Тышлер: Непослушный взрослый - Вера Чайковская
Шрифт:
Интервал:
Закладка:
В ранней автобиографии есть примечательный эпизод. Художник Соломон Никритин (тот самый вождь «проекционистов») на одном из обсуждений («дискуссий») знаменитой и знаменательной для всех тышлеровских приятелей (и для самого Тышлера) «Дискуссионной выставки» 1924 года[52], на которой Тышлер выставил как свои абстрактные работы из серии «Цвет и форма в пространстве», так и работы фигуративные, неожиданно сравнил художника… с Рембрандтом. Тышлер пишет: «В зале начались хихиканье и свист. Мне стало как-то стыдно, и чувство неловкости от никритинских патетических фальшивых слов заставило меня тихонько смыться».

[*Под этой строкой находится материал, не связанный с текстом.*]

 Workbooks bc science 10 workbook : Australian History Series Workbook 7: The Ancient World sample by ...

Но дальше мысль художника опять возвращается к никритинским словам: «Когда я вышел на улицу, я понял, что Никритин просто болтал, а мне нужно работать, работать, работать…»[53]
Сам этот повтор — «фальшивые слова» и потом снова «просто болтал» — выдает бесконечное волнение художника, который наконец-то услышал вдохновляющее и поднимающее планку слово. Может, Никритин и впрямь «просто болтал», но фигура Учителя, как кажется, намечена верно и смятение ученика выдает в данном случае прямое попадание…

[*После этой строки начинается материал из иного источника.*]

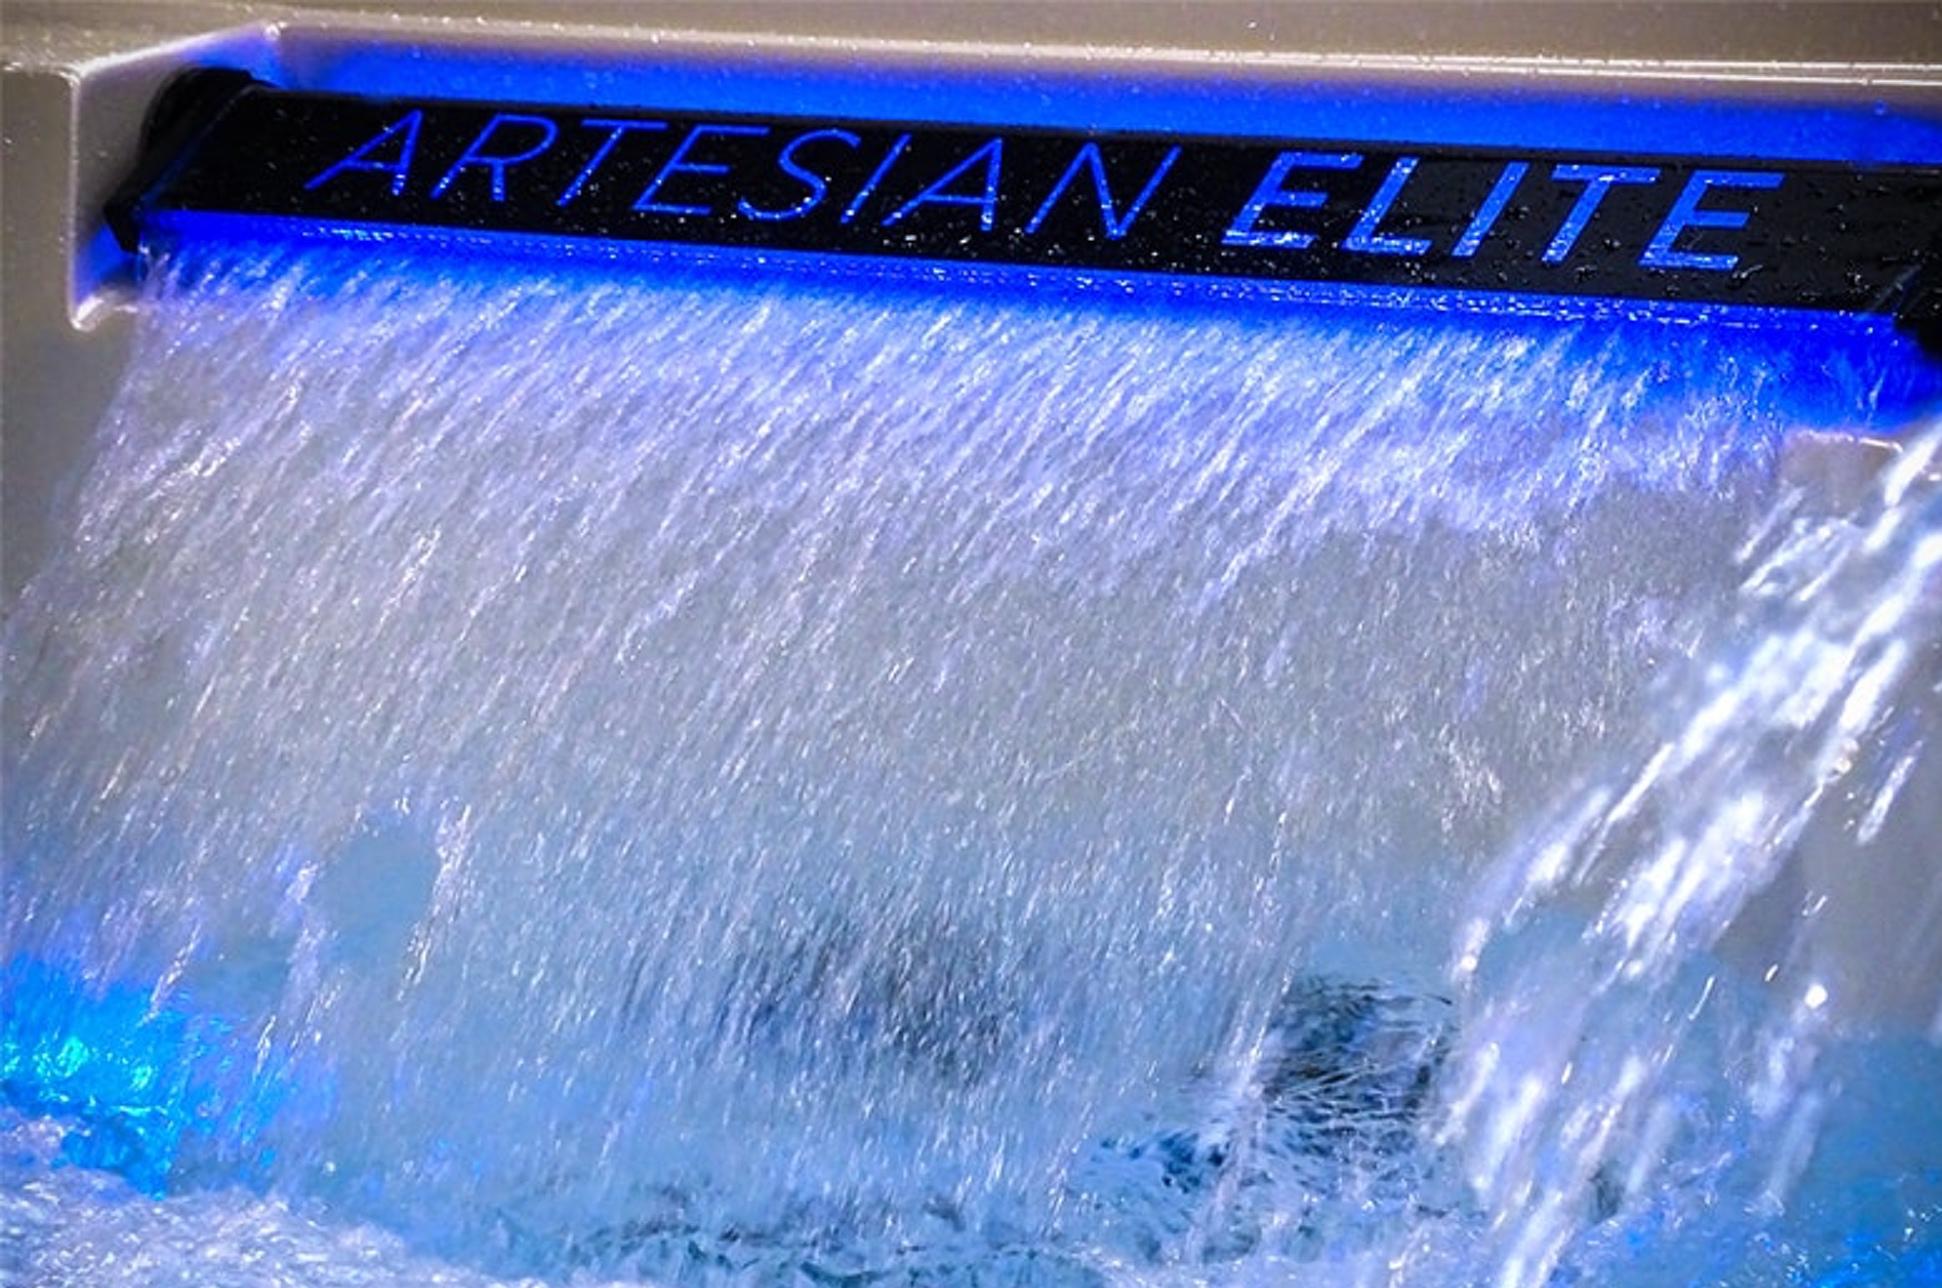 vodopád vírivky Artesian Elite

Однако интересно посмотреть на этого раннего «беспредметного» Тышлера, — ведь у него все связано, одно цепляется за другое и начало перекликается с концом, — недаром зрелый Тышлер, разбирая старые форэскизы, вновь напишет целую серию абстрактных картин с двумя датировками: 1923–1977 годы.
Он всегда будет чуток к «форме», к «объему», к архитектурной конструкции. Во вполне фигуративной серии «Парад» (1929) он будет отталкиваться от архитектурных новаций Корбюзье, в театре будет создавать такие декорации, которые могут жить самостоятельно, так как структурно организованы. Его всегда будут интересовать цвет, соотношения цветов в их контрасте и напряженности, а также взаимодействие вертикали и горизонтали, соотнесенное с цветовыми решениями.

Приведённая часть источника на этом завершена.